Martina
De Pieri - 16 anni - Pioltello Mi
Liceo Scientifico Machiavelli - Prof.ssa Enrica Piano
Una giornata tranquillamente normale
E' una mattina uggiosa.
Esco da casa e mi avvio per la strada. Ho tante cose in mente: le formule
di matematica, la meiosi e la mitosi per biologia, le teorie di Socrate, i verbi
irregolari inglesi e le regole di latino. Fortunatamente non riesco ad angosciarmi
troppo perché un mio amico mi raggiunge e arriviamo a scuola insieme.
Lui è sempre pimpante, vorrei tanto che mi tirasse su il morale,
ma presto mi rendo conto che non è facile. Inizia un'altra terribile
giornata, una di quelle da antologia, che ricorderò per sempre.
O almeno fino a quando non avrò altro a cui pensare. Entro in classe.
In prima fila c'è qualcuno che ripassa le regole sul supino latino.
Li saluto e passo avanti. Senta la campanella: si parte!
1 ° ora: latino. Entra il prof ed estrae i "fortunati" che saranno
interrogati. Per quest'ora posso rimanere tranquilla. Dopo mezz'ora entra la
bidella, dà un foglio al prof, che ci parla di un concorso. "Dovete
scrivere un testo contente venti parole a scelta tra queste trenta"
dice. La classe, inizialmente scettica, non crede che qualcuno parteciperà.
Poi il prof ci spiega che questo sarà il nostro compito per la settimana
successiva. La classe inerte sembra non capire, anche perché è
solo la prima mezz'ora della mattinata. Alla notizia di un tema da fare per
la settimana successiva, tutti si svegliano e iniziano a soffiare venti di guerra.
Non ci sono possibilità di salvezza, il tema si farà.

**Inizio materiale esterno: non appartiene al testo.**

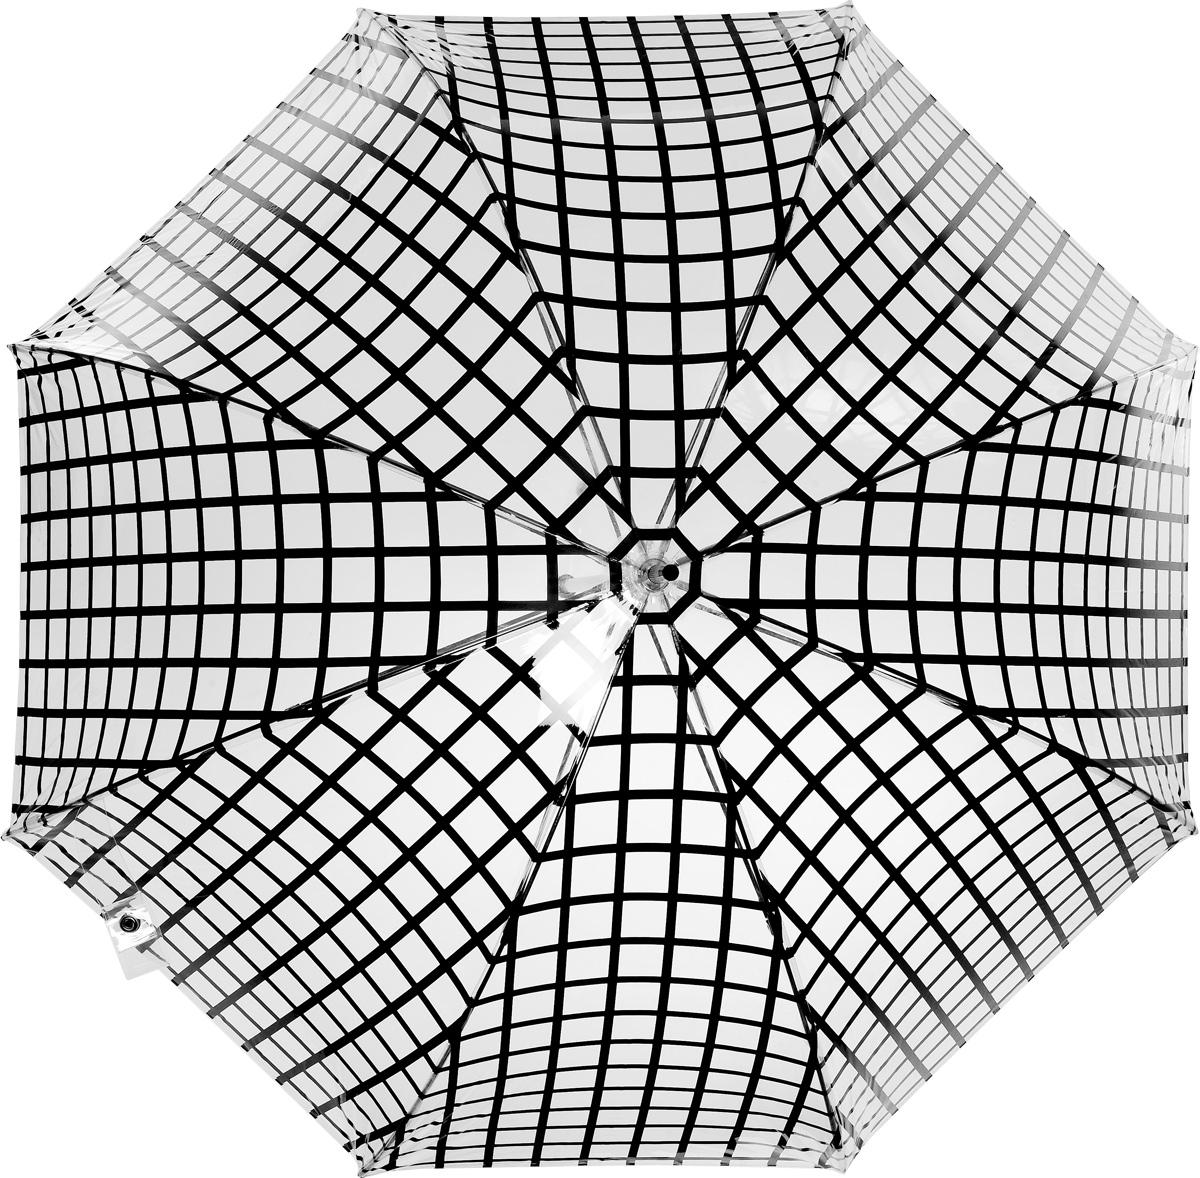 Зонт-трость женский Vogue, цвет: прозрачный, черный. 107V/1-6107V-1-6Стильный зонт-трость испанского производителя Vogue оснащен каркасом с противоветровым эффектом. Каркас зонта включает 8 спиц. Стержень изготовлен из стали, купол выполнен из прочного полиэстера. Зонт оснащен автоматическим механизмом: купол открывается нажатием на кнопку около ручки и закрывается с помощью нее же. Такой зонт не только надежно защитит вас от дождя, но и станет стильным аксессуаром, который идеально подчеркнет ваш неповторимый образ. Рекомендации по использованию: Мокрый зонт нельзя оставлять сложенным. Зонт после использования рекомендуется сушить в полураскрытом виде вдали от нагревательных приборов. Чистить зонт рекомендуется губкой, используя мягкие нещелочные растворы.

2° ora: matematica. Entra un personaggio simpatico, con i capelli visibilmente
unti, che annuncia di essere lì solo perché il prof. è
malato. Qualcuno esulta con un doppio "evviva!", ma la maggior
parte della classe rimane tranquilla nei banchi, continuando a controllare l'orologio
che scandisce inesorabile i minuti. Mi consulto con i miei compagni di
banco per sapere che idee hanno per il testo con le venti parole. Il mio vicino
sorride e con atteggiamento carico di boria mi dice "lo è
come se l'avessi già fatto!".
3° ora: biologia. Entra il prof. e annuncia la tremenda interrogazione ma
con sorpresa di tutti, ci sono due volontari. II pericolo sembra passato, le
nubi tempestose si stanno allontanando. Rimaniamo seduti ai nostri banchi e
sento le ragazze della fila davanti che fanno battutine mordaci sul vestito
del prof. La fila dietro, invece, è popolata da adolescenti di sesso
maschile che continuano a parlare di "prelibati bocconcini", argomento
certamente non inerente alla lezione di biologia. Mi guardo intorno e
vedo molte persone che fissano l'orologio. So cosa aspettano. Sono in fremente
attesa di quel secondo, quell'attimo che permetterà loro di correre giù
per le scale verso il bar e, soprattutto, verso l'adorata e profumata brioche.
E in pochi minuti l'atteso squillo ci libera. Intervallo. La classe si diffonde
per il corridoio. Abbiamo una decina di minuti per distrarci un po'. L'ora dopo
ci aspetta l'interrogazione di Filosofia. Qualcuno propone di evadere
scavalcando il cancello secondario. Gli alunni di quinta l'avevano fatto l'anno
passato, ma con scarso successo. L'idea viene subito bocciata. Sul registro
di classe c'è scritto che siamo presenti. Mi siedo sul banco. Sono stanca
e ripenso con desiderio al letto caldo che ho lasciato a casa. Vedo la
classe rientrare. "È arrivato!" dice qualcuno.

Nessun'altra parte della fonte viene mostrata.